Wednesday, August 19, 2015

Fleischer on Mandatory College Endowments in the NYT

Professor Victor Fleischer from the University of San Diego has an opinion piece in today's New York Times advocating an 8% annual required payout for university endowments over $100 million.   Such a payout is more than the 5% amount required for private foundations under Section 4941, and well more than the payouts for medical research organizations and private operating foundations.  In fact, it is more than the amount set as a rebuttable presumption of unreasonableness for endowment spending under Section 4(d) of UPMIFA, which is 7%.

Fleischer's concern was prompted by his research into investment manager compensation, which indicated that that private equity fund managers received more in payouts than students at at least five universities: Harvard, Yale, Texas, Stanford and Princeton.   Much of this compensation was in the form of the dreaded carried interest, which is under scrutiny in numerous arenas, not just the nonprofit world.

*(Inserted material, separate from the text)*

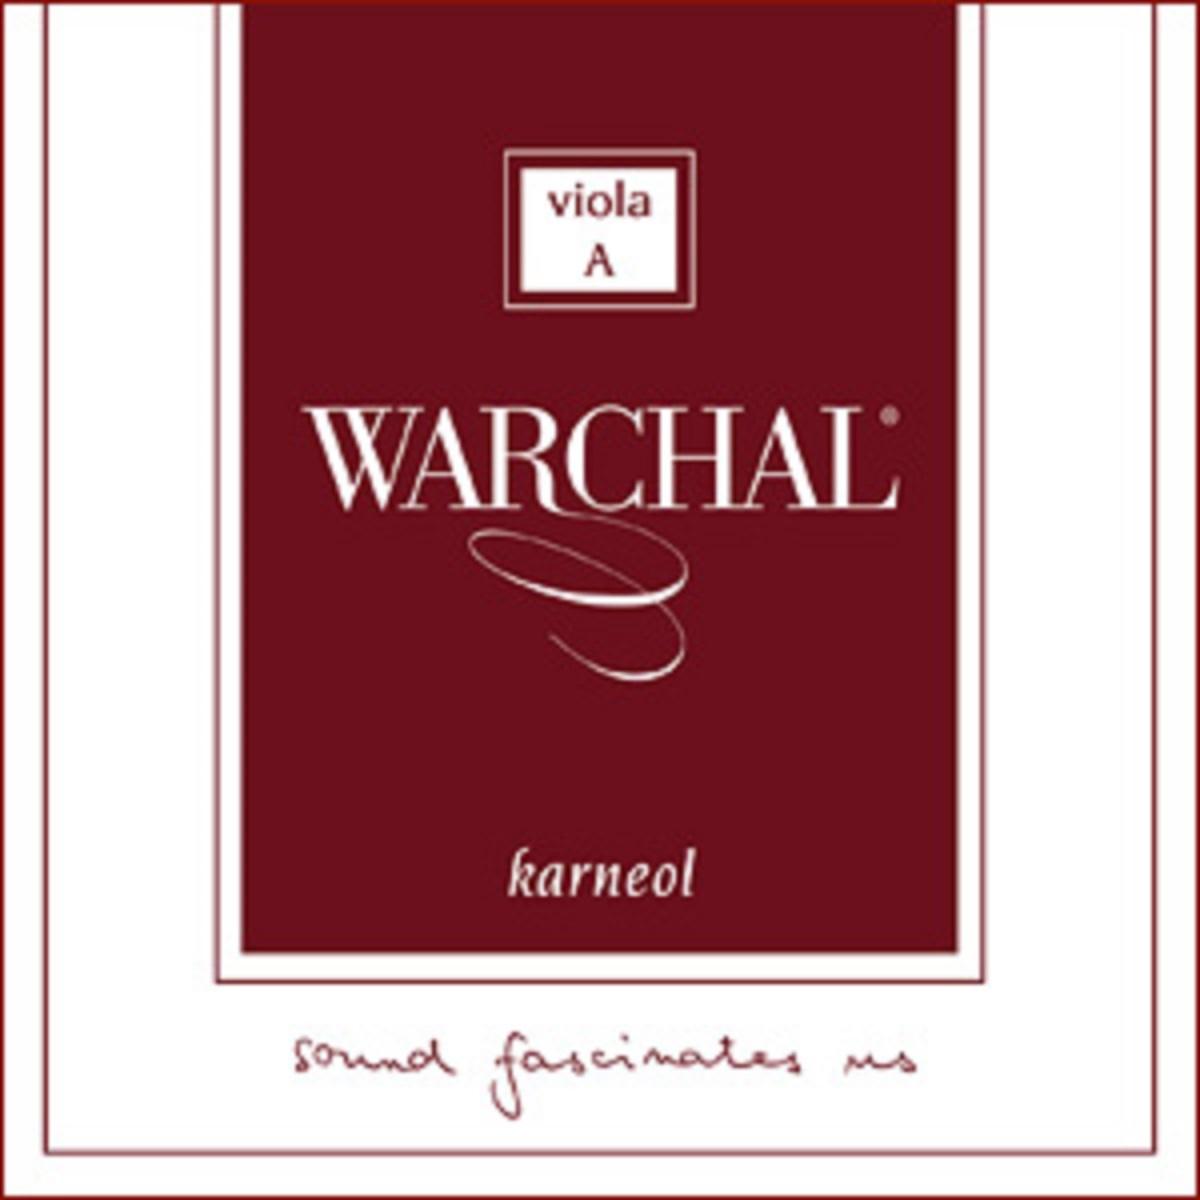 Комплект струн для альта Warchal Karneol 510L
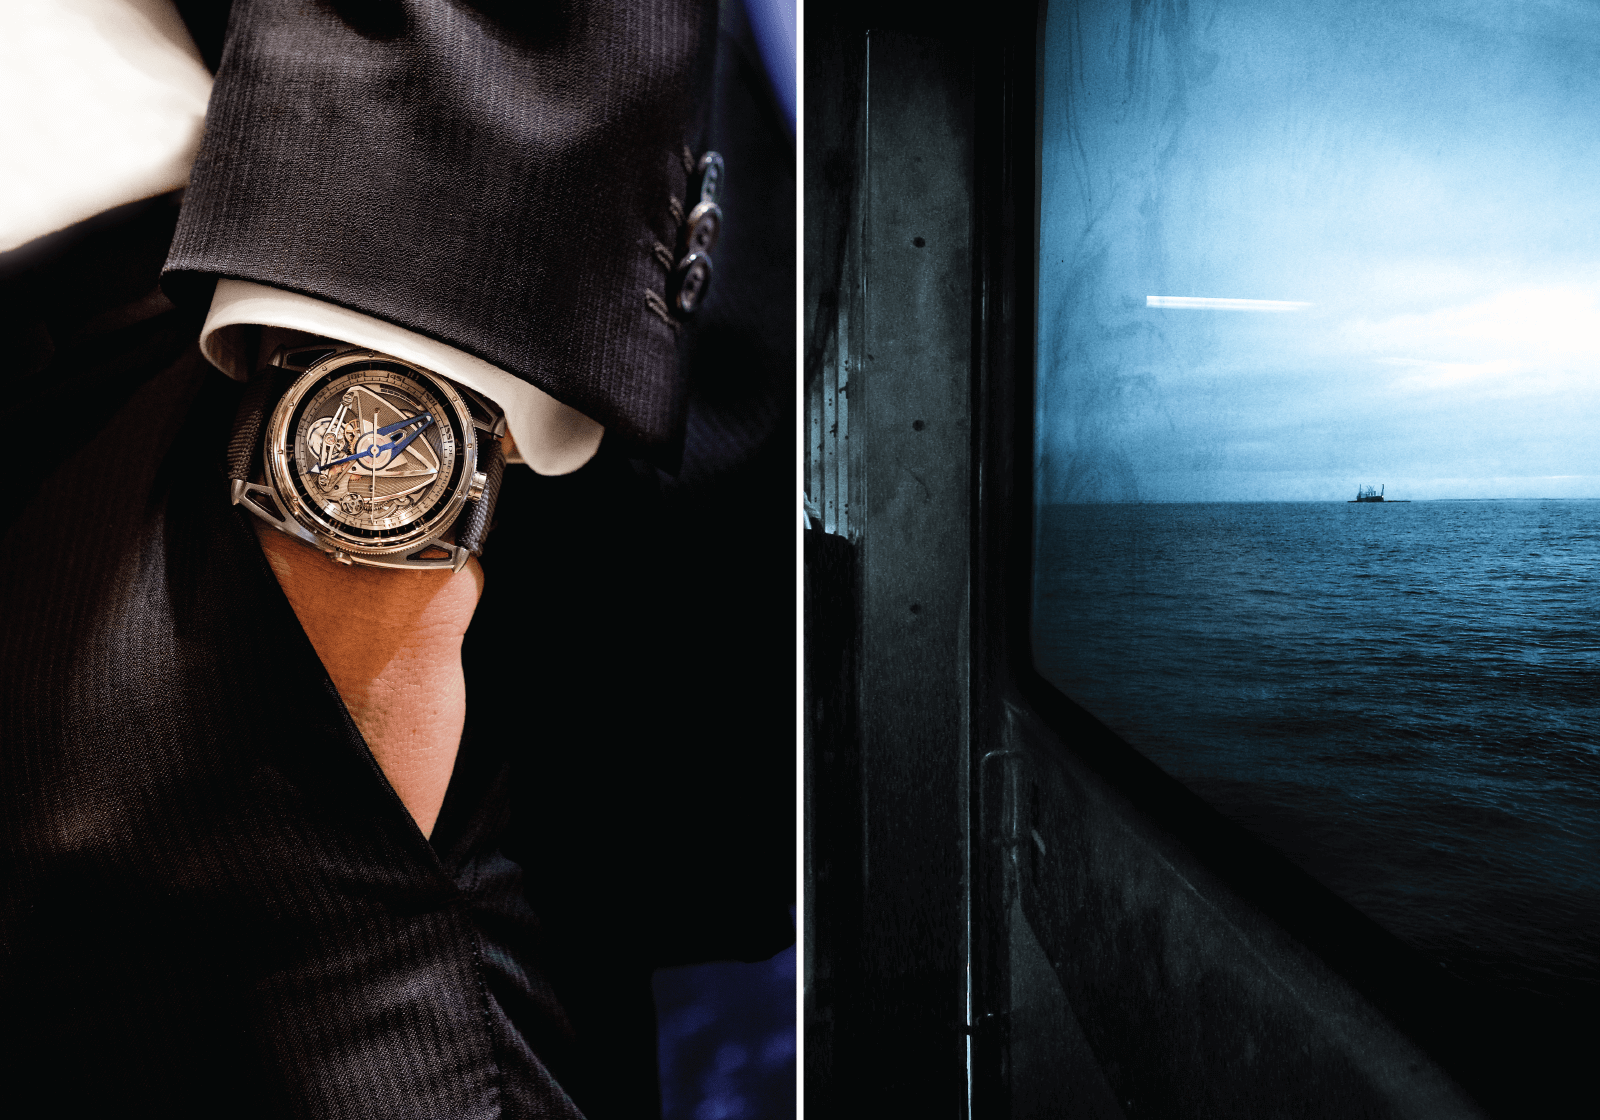 De Bethune | DB28 G GS Grand Bleu | Ref. DB28GSV 2AN Corda manual | Titânio | Ø 44 mm | Relógio cedido por De Bethune © Paulo Pires / Espiral do Tempo

It is an interesting proposition.   I am somewhat dubious of an 8% payout, wondering whether that might have an adverse impact on the risk profile of endowments, which by all accounts already have fairly aggressive asset allocations (Fleischer says that endowments this size are returning over 8% already so it won't matter).   I also wonder what rationale there is for subjecting only university endowments to such a rule, as it seems to me that there may be other exempt organizations of a similar size that might have a similar investment compensation issues (large foundations, for example, only pay 5%) that are not subject to such a high payout requirement.   Finally, isn't the issue really the investment manager compensation, so mandating a payout isn't really reaching the root of the problem?  But I may be picking around the edges on this.     Would love to hear others thoughts.